Jeffwan · web-flow · commit 61cb68362016 · 2025-11-26T15:35:32.000-08:00
diff --git a/content/posts/2025-11-26-priskv-intro.md b/content/posts/2025-11-26-priskv-intro.md
@@ -1,7 +1,7 @@
 ---
 date: '2025-11-26T12:00:00-00:00'
 draft: false
-title: 'PrisKV: An Colocated Tiered KVCache Store for LLM Serving'
+title: 'PrisKV: A Colocated Tiered KVCache Store for LLM Serving'
 author: ["Xu Wang", "Jinlong Xuan", "Yi Wang", "Haiyang Shi", "Bo Liu", "Jiaxin Shan"]
 
 disableShare: true
@@ -117,7 +117,7 @@ To address this, AIBrix provides a production-grade **[KVCache Offloading Framew
 
 ### PrisKV clusters: from individual nodes to a shared memory pool
 
-In the above examples, PrisKV is deployed as a single node. On a larger scale, you can make it as **cluster-level shared KV memory pool**.AIBrix's orchestration layer takes care of turning multiple PrisKV servers into a coherent cluster:
+In the above examples, PrisKV is deployed as a single node.

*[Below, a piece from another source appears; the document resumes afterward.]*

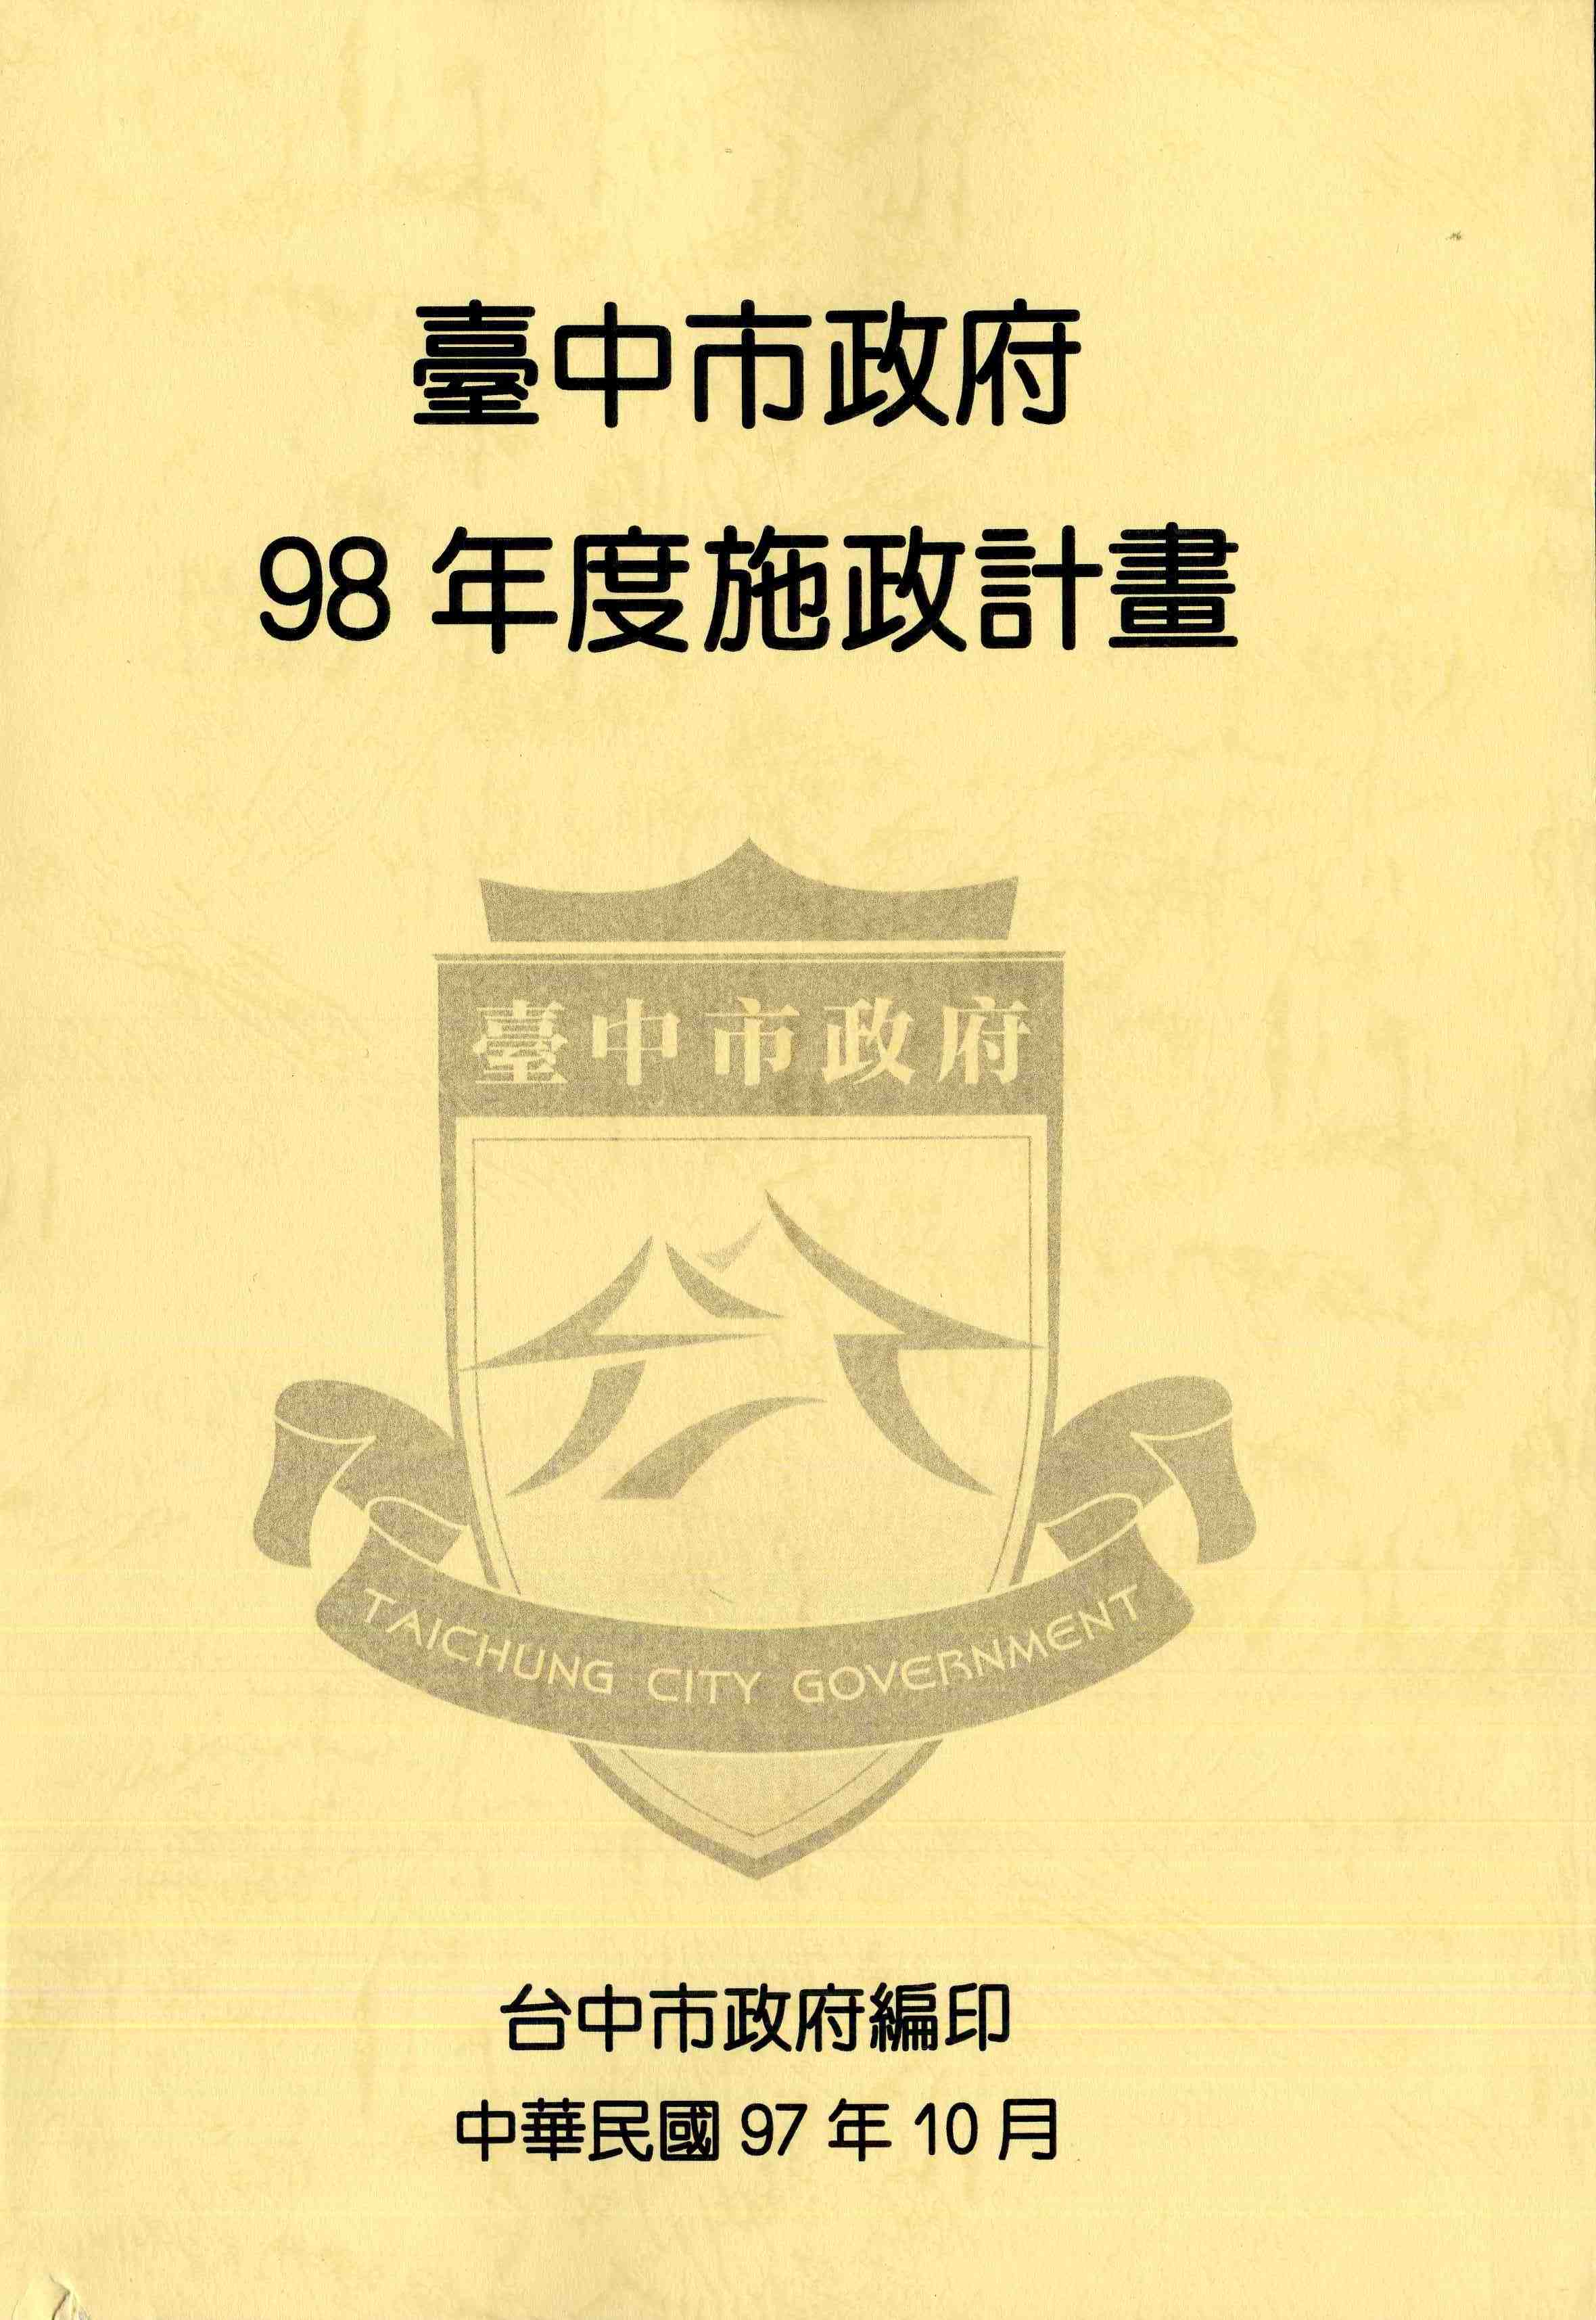 臺中市政府98年度施政計畫

On a larger scale, you can make it as a **cluster-level shared KV memory pool**. AIBrix's orchestration layer takes care of turning multiple PrisKV servers into a coherent cluster:
 
 * Cluster specs (capacity, number of nodes, tiers) are described declaratively via CRDs.  

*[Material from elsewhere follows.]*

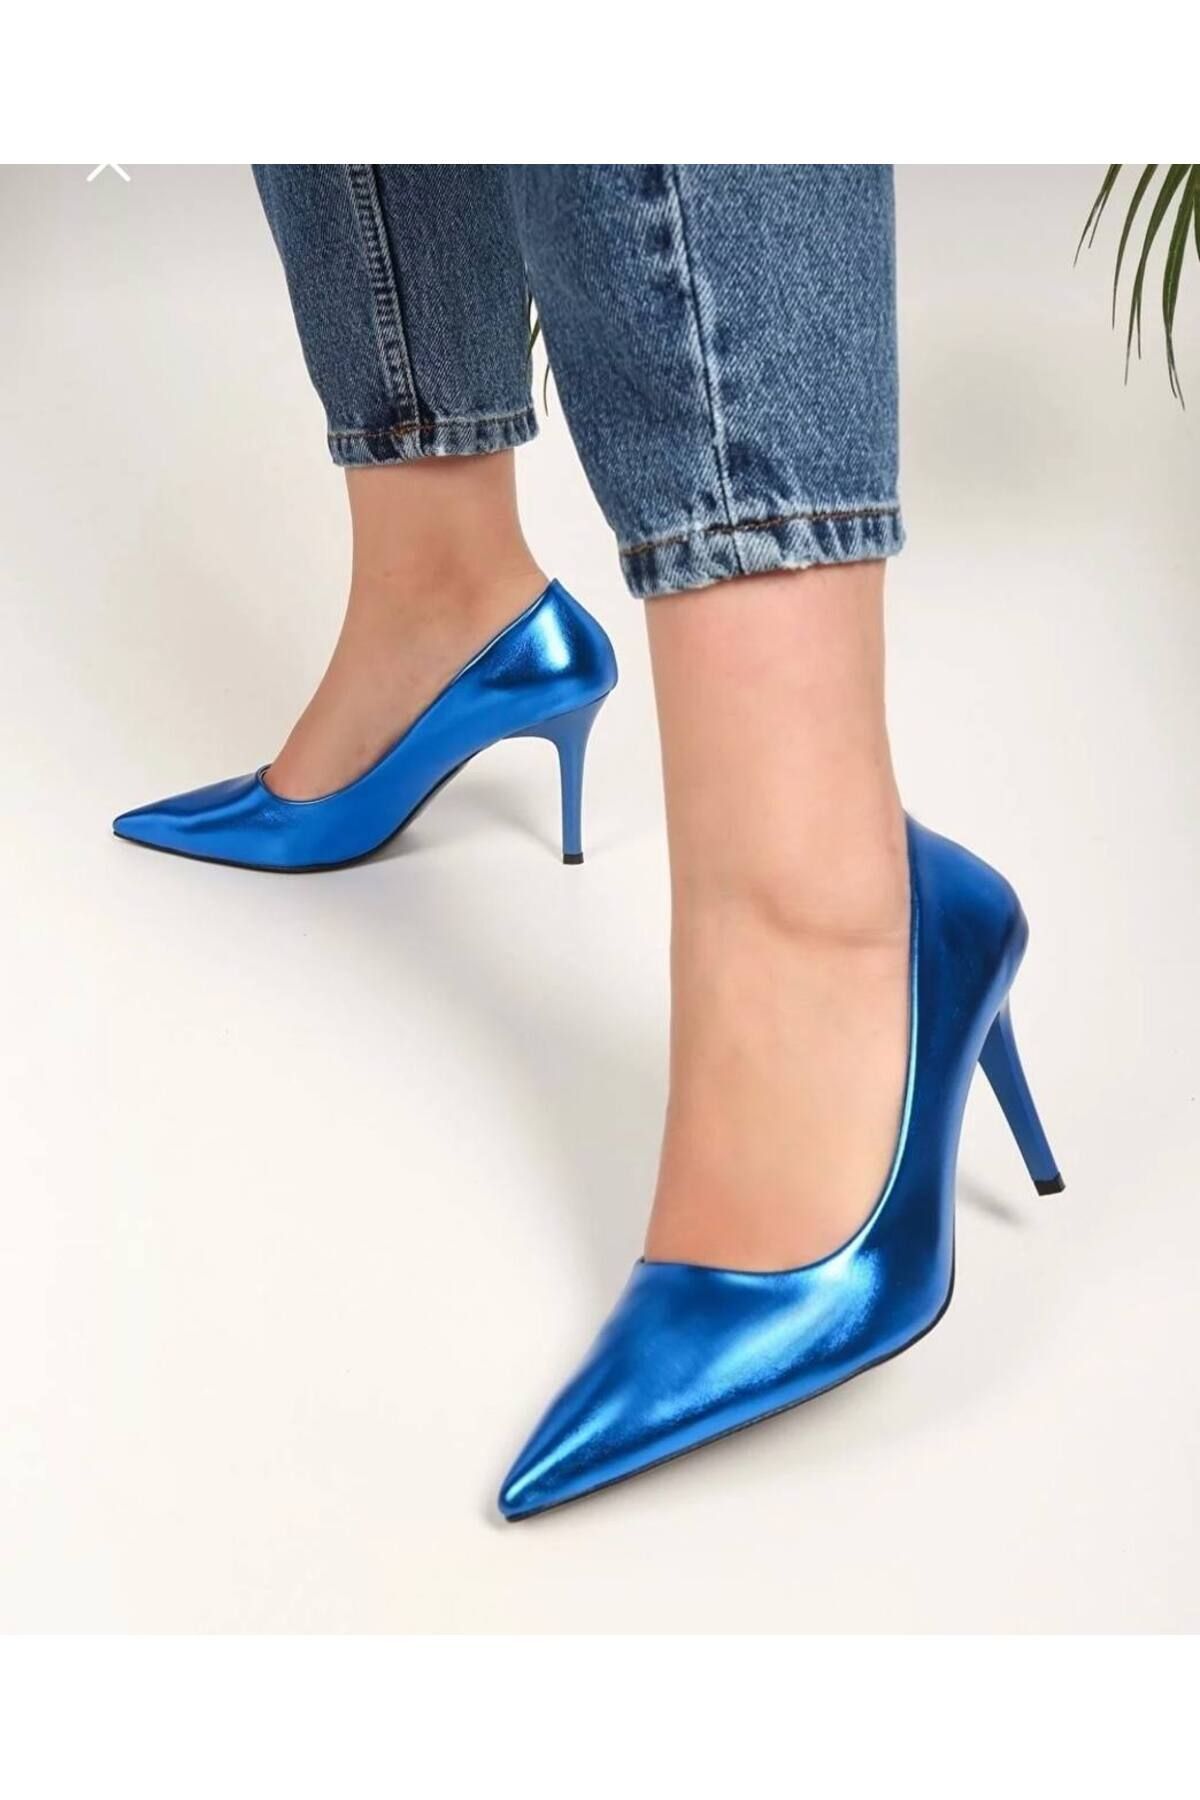 Essen Kadın metalik klasik topuklu ayakkabı stiletto

 * PrisKV servers are sharded using a consistent-hash–style scheme, and membership/routing metadata is kept in a small control component.  
@@ -257,7 +257,7 @@ curl localhost:18000/v1/chat/completions \
 
 For cluster setup, feel free to refer to [documentation](https://github.com/aibrix/PrisKV/tree/main/samples/cluster) for more references.
 
-## How PrisKV performs?
+## PrisKV Performance
 
 Before diving into end-to-end engine benchmarks, we micro-benchmark PrisKV with **value sizes 512KB, 1MB, 2MB, 4MB, and 8MB** on H20 with 400Gbps RDMA Network, which roughly match the KV footprint of 16-64 tokens for 8B/30B/70B-class models (such as Llama-8B, Qwen-32B, and Llama-70B). Under this setting, a single PrisKV node sustains **tens of thousands of QPS with sub-millisecond average latency** over RDMA, indicating that the KV store itself has ample headroom and is unlikely to be the bottleneck for the L2 KVCache path.  
 
@@ -267,7 +267,7 @@ Before diving into end-to-end engine benchmarks, we micro-benchmark PrisKV with
 
 ### End-to-End Benchmarking
 
-Across end-to-end vLLM benchmarking on Nvidia H20 GPUs with Qwen3-32B (TP=4) on 8k-token prompts and 200-token outputs at 16 and 32 concurrent requests, PrisKV-powered KVCache offloading consistently delivers substantial throughput and latency improvements over the baseline: at 16 concurrency, request and token throughputs increase by about 4.8x while mean TTFT drops by \~90%; TPOT also falls by \~75%. At 32 concurrency, gains are even larger: throughput improves by roughly 6.35x mean TTFT decreases by \~90.7% (4842ms→450ms)with TPOT reductions of 83–84%, as shown in following figures.  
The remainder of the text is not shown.